The Junkers G 24 was a German three-engine, all-metal low-wing monoplane passenger aircraft manufactured by Junkers from 1925. Junkers F 24 was the designation for single-engine versions of the same aircraft.

Design and development
The increased German air traffic in the 1920s led to a requirement for a larger passenger transport aircraft. The G 24 was an enlarged development of the F 13. It was originally designed by Ernst Zindel as a single-engine aircraft. Under the restrictions imposed on aircraft in Germany by the Treaty of Versailles, only low powered engines were allowed. So the Junkers company designed their large G24 airliner to be single-engined, but built it as a tri-motor. With three low powered engines the G24 could fly, but was not a viable airliner. The plan was to sell the tri-motors to airlines outside of Germany, who would then install a single, high-powered engine (e.g. 450 hp Napier Lion) on the nose, and simply remove the wing center-section plugs that carried the other two engines. However the Military Inter-Allied Commission of Control declared the G24 design to be a military type aircraft, and outlawed it. 
Junkers then resubmitted what was essentially the same design, but under a new designation: Junkers G23. The Allied Commission ultimately allowed Junkers to build the G23, even in the single engined version, because it was clearly an airline type. The plane was always marketed under the G24 designation. (This paragraph based on 'Wagner' pages 230–234)

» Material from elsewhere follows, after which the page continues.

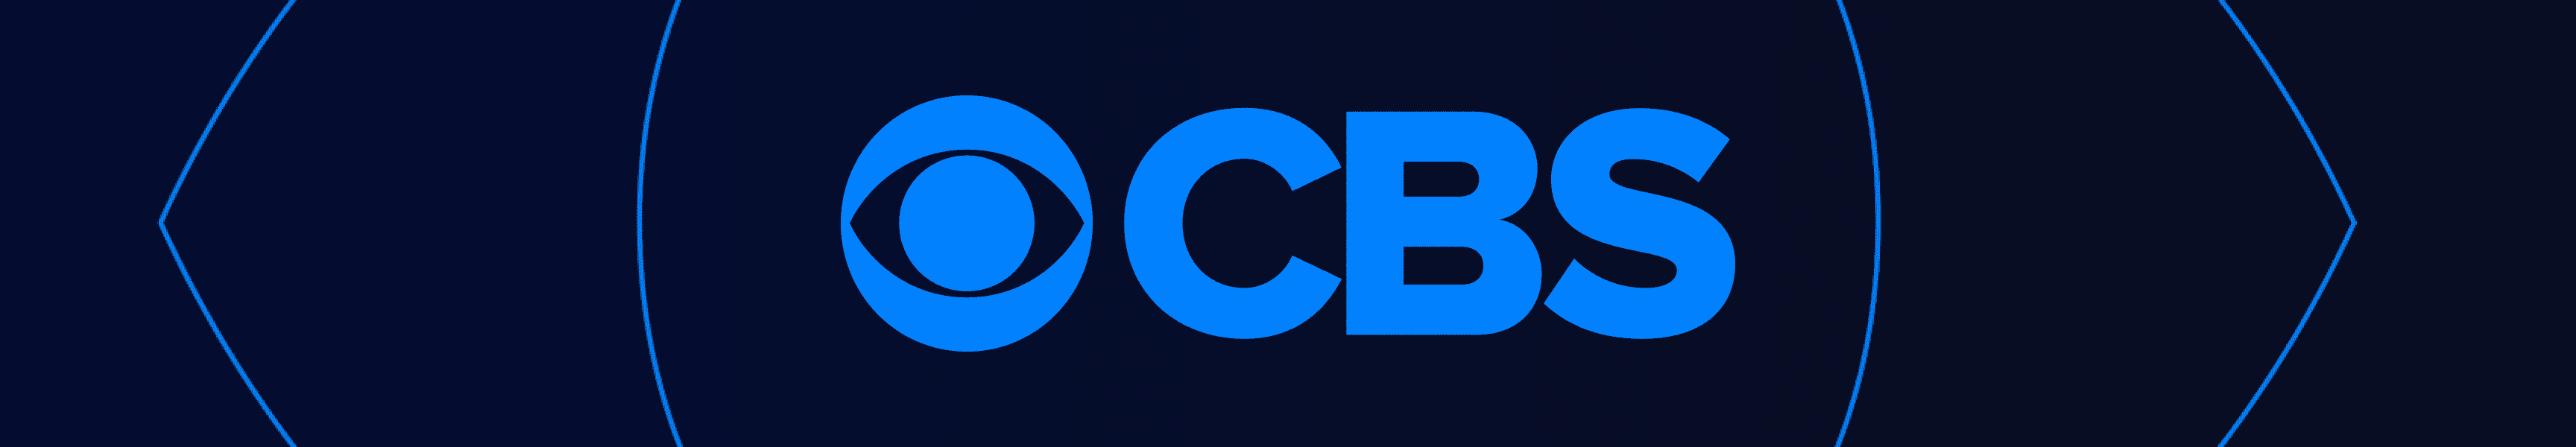 CBS Entertainment Sombreros

Junkers continued to build the G24/G23 as a tri-motor, because the ruse to circumvent the Allied restrictions also had the benefit that the plane could fly, and even climb, with one engine out. In 1925 most airliners were single-engined, since one big engine will usually be more efficient than several small ones. Twin-engine types could not maintain altitude with an engine out, unless they were so overpowered that the airlines could not afford to operate them (similarly to how twinjets were impractical on long-range routes before 1980s, and how trijets were used instead). A tri-motor did not have to be so grossly overpowered, to be able to fly with one engine out.

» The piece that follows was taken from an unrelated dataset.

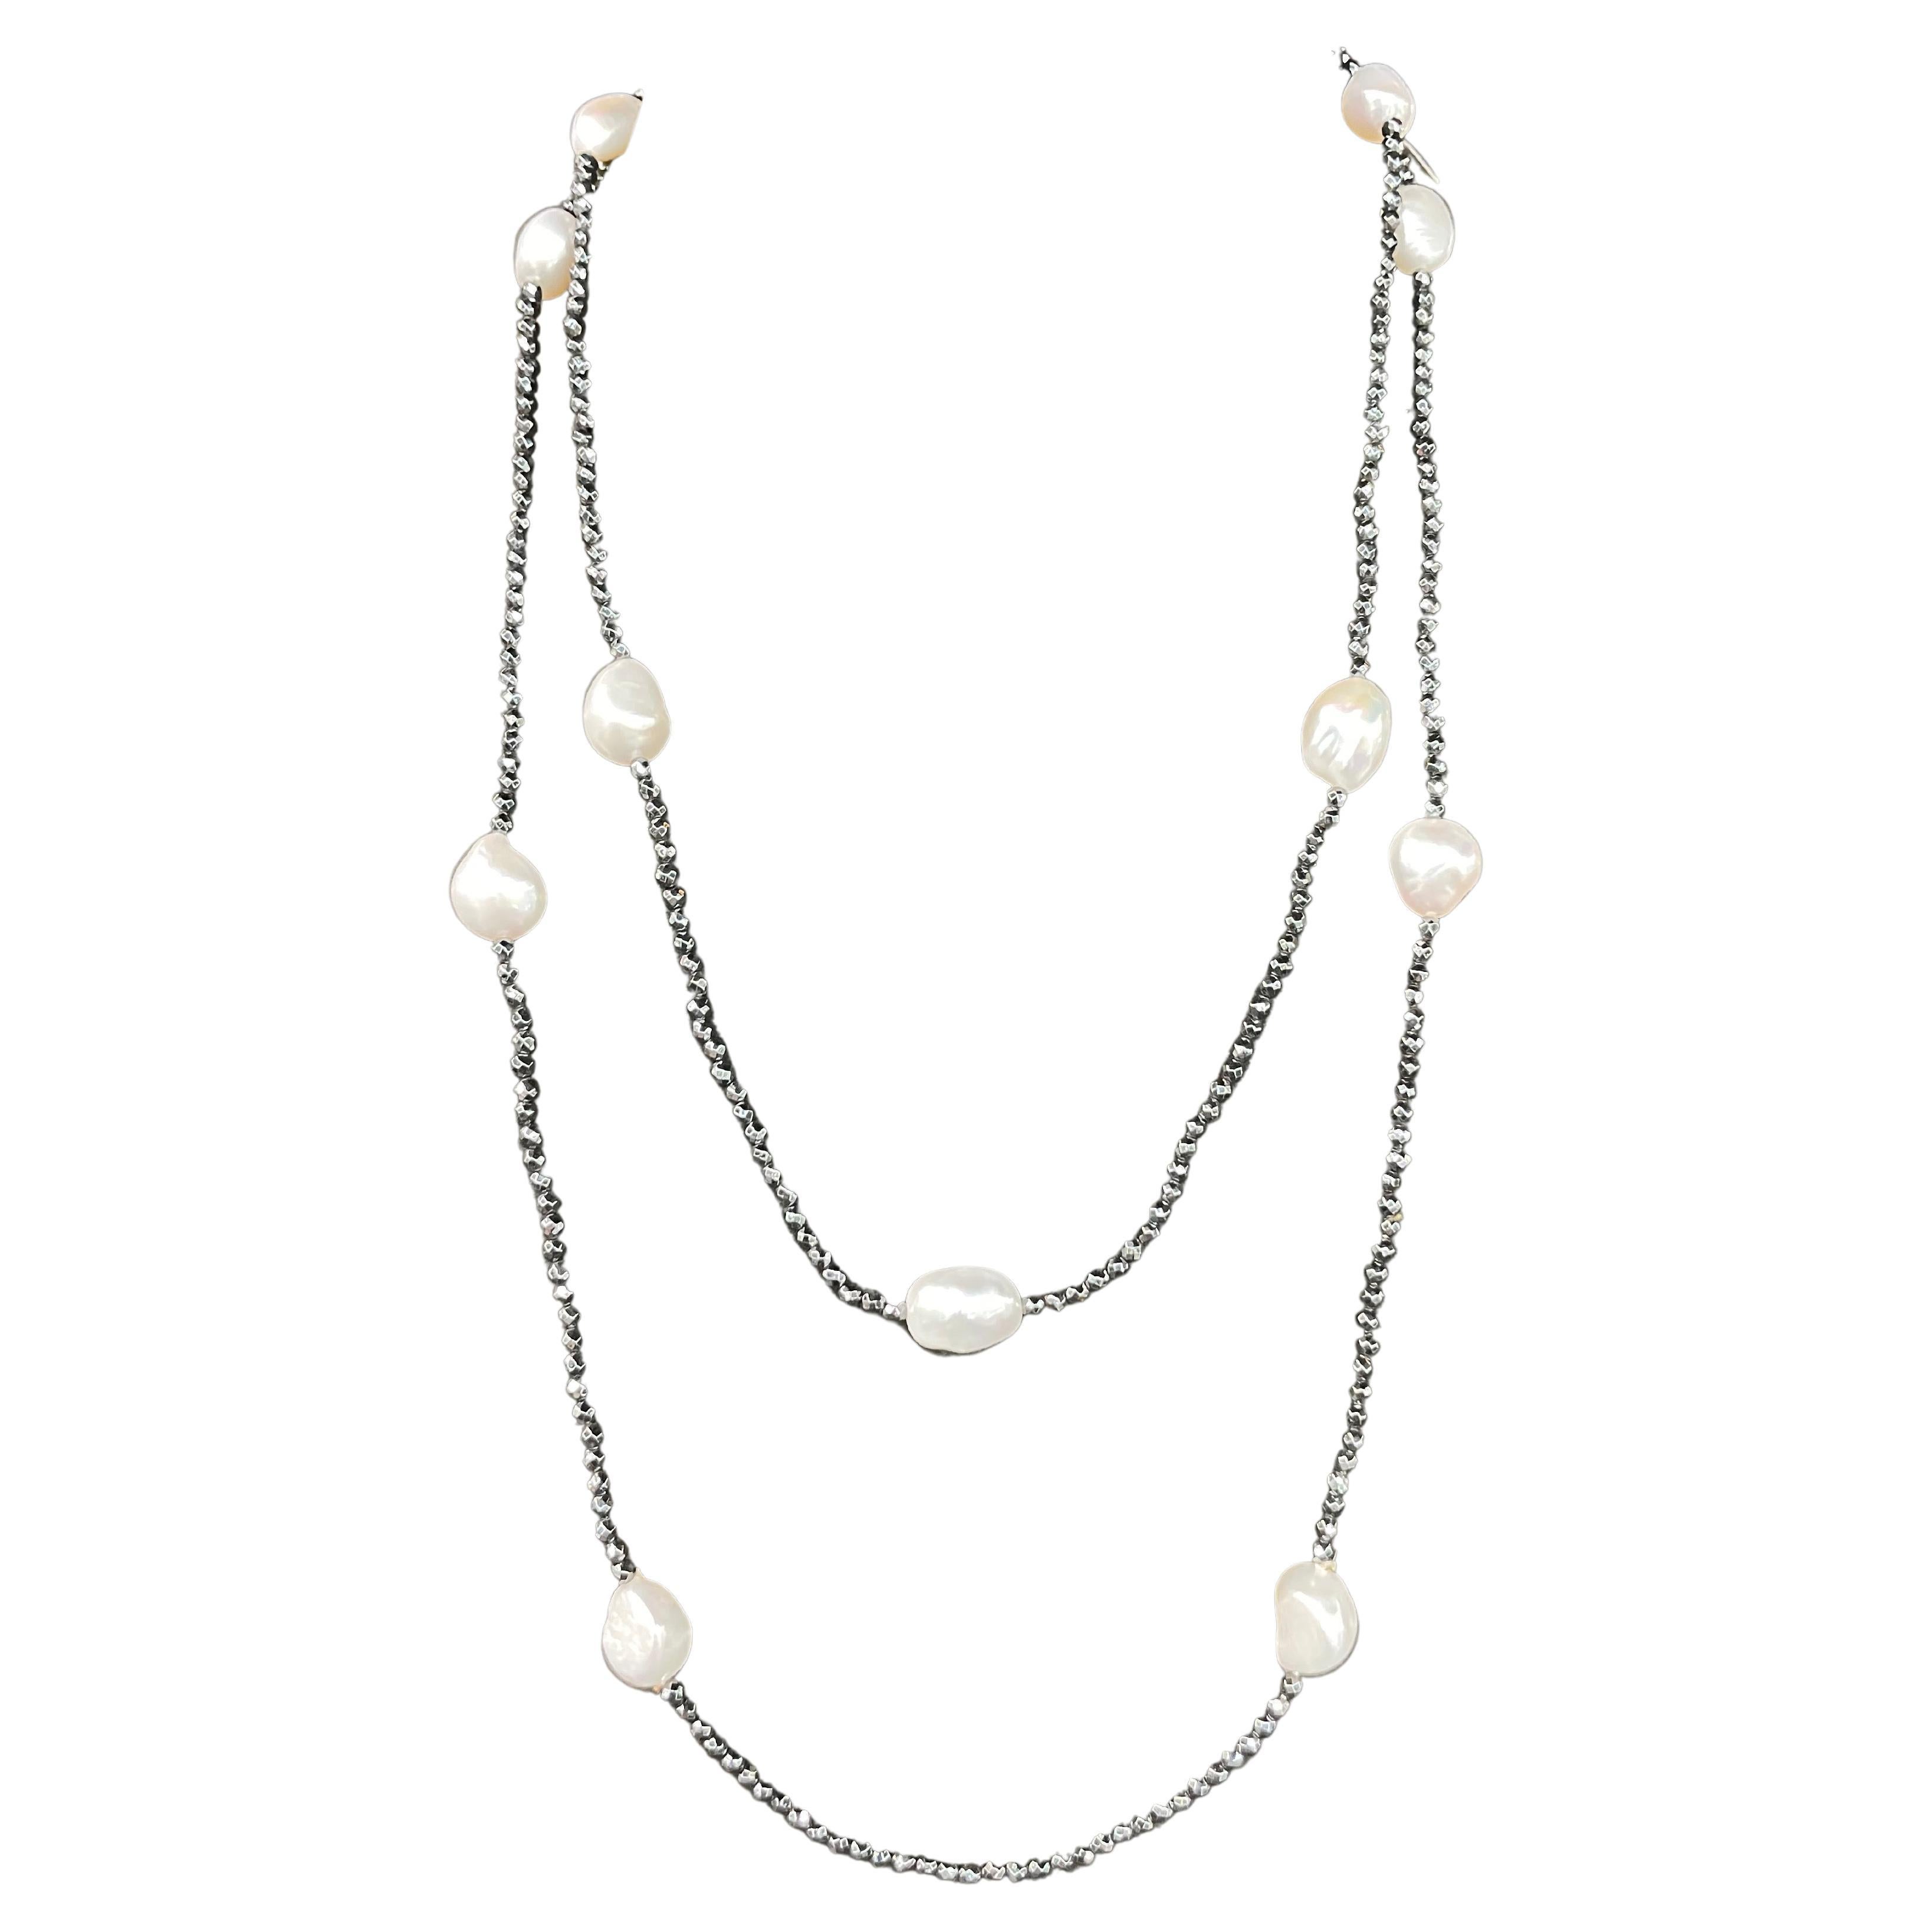 Strand of Hematite White Pearl Multi-Strand Necklace 50 Inches

On May 1, 1926 newly formed German airline Deutsche Luft Hansa started flying passengers on the route Berlin – Königsberg at night using G24 aircraft ('Wagner' page 232 'Seifert' page 376). This was the first time any airline, anywhere in the world, flew passengers at night. Previously airlines had flown only mail and freight after dark. If an engine failed, the pilot bailed out by parachute, since a forced landing in the dark is too dangerous. The Junkers G24 could carry passengers, since there would not be any forced landings. The G24s of Luft Hansa also had blind flying instruments and radio navigation (with the radio operator sitting in the passenger cabin, as there was no room in the open two seat cockpit).

The aircraft was manufactured in three main batches, with different engine alternatives. Between 1925 and 1929, at least 72 aircraft were manufactured, 26 of which went to Luft Hansa. The G 24 managed to set a number of aviation records involving pay loads. Fritz Horn flew 2,020 km (1,256 mi) with a payload of 1,000 kg (2,200 lb) on 14 h 23 min, having an average speed of 140 km/h (90 mph), setting a new world record.

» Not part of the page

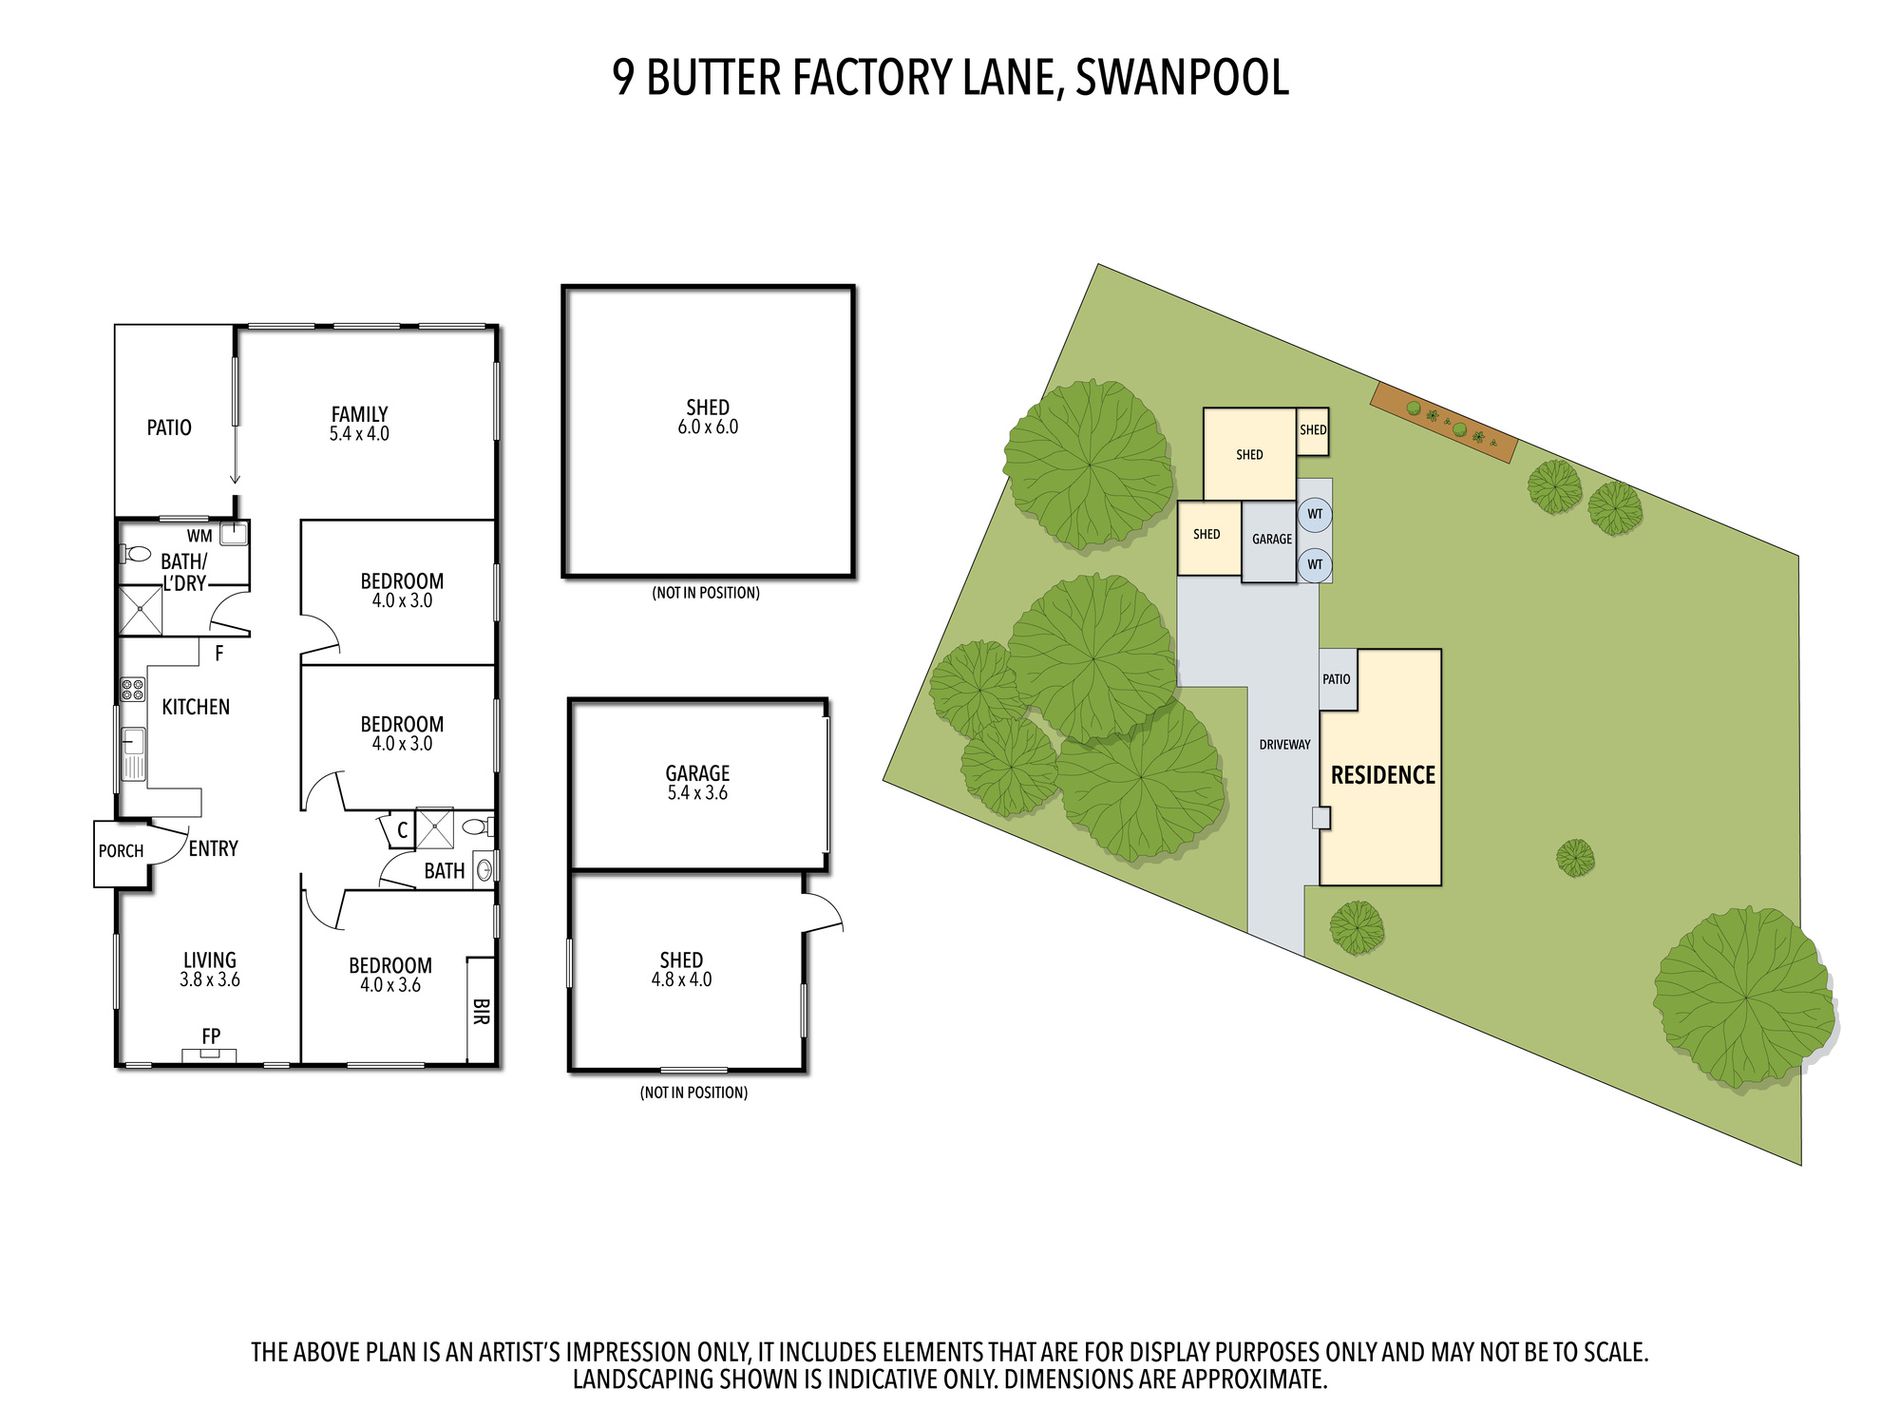 9 Butter Factory Lane, Swanpool

On 24 July 1926, two G 24s became famous after having flown the 20,000 km (12,400 mi) route between Berlin and Peking in just 10 stops. This flight ended on 8 September. It was initially meant that they would fly all the way to Shanghai, but they were prevented by military conflicts. On 26 September 1926, the two aircraft landed again in Berlin. Later during the year, a trans-Euro-Asiatic line was created.

Luft Hansa, which operated the largest G 24 fleet in the world, decided to modify their G 24s to a single engine standard. The first modifications were done in March 1928. The wing was shortened and the center engine was replaced with a BMW VIU engine. Junkers called this aircraft F 24ko. A total of 11 G 24s were modified to F 24 standard between 1928 and 1930. By July 1933, most of these BMW-equipped F 24s were again modified with the new Jumo 4 and designated as F 24kay. Most of these F 24s remained in service at the beginning of World War II in 1939. Most of them were used by Luft Hansa as freighter aircraft.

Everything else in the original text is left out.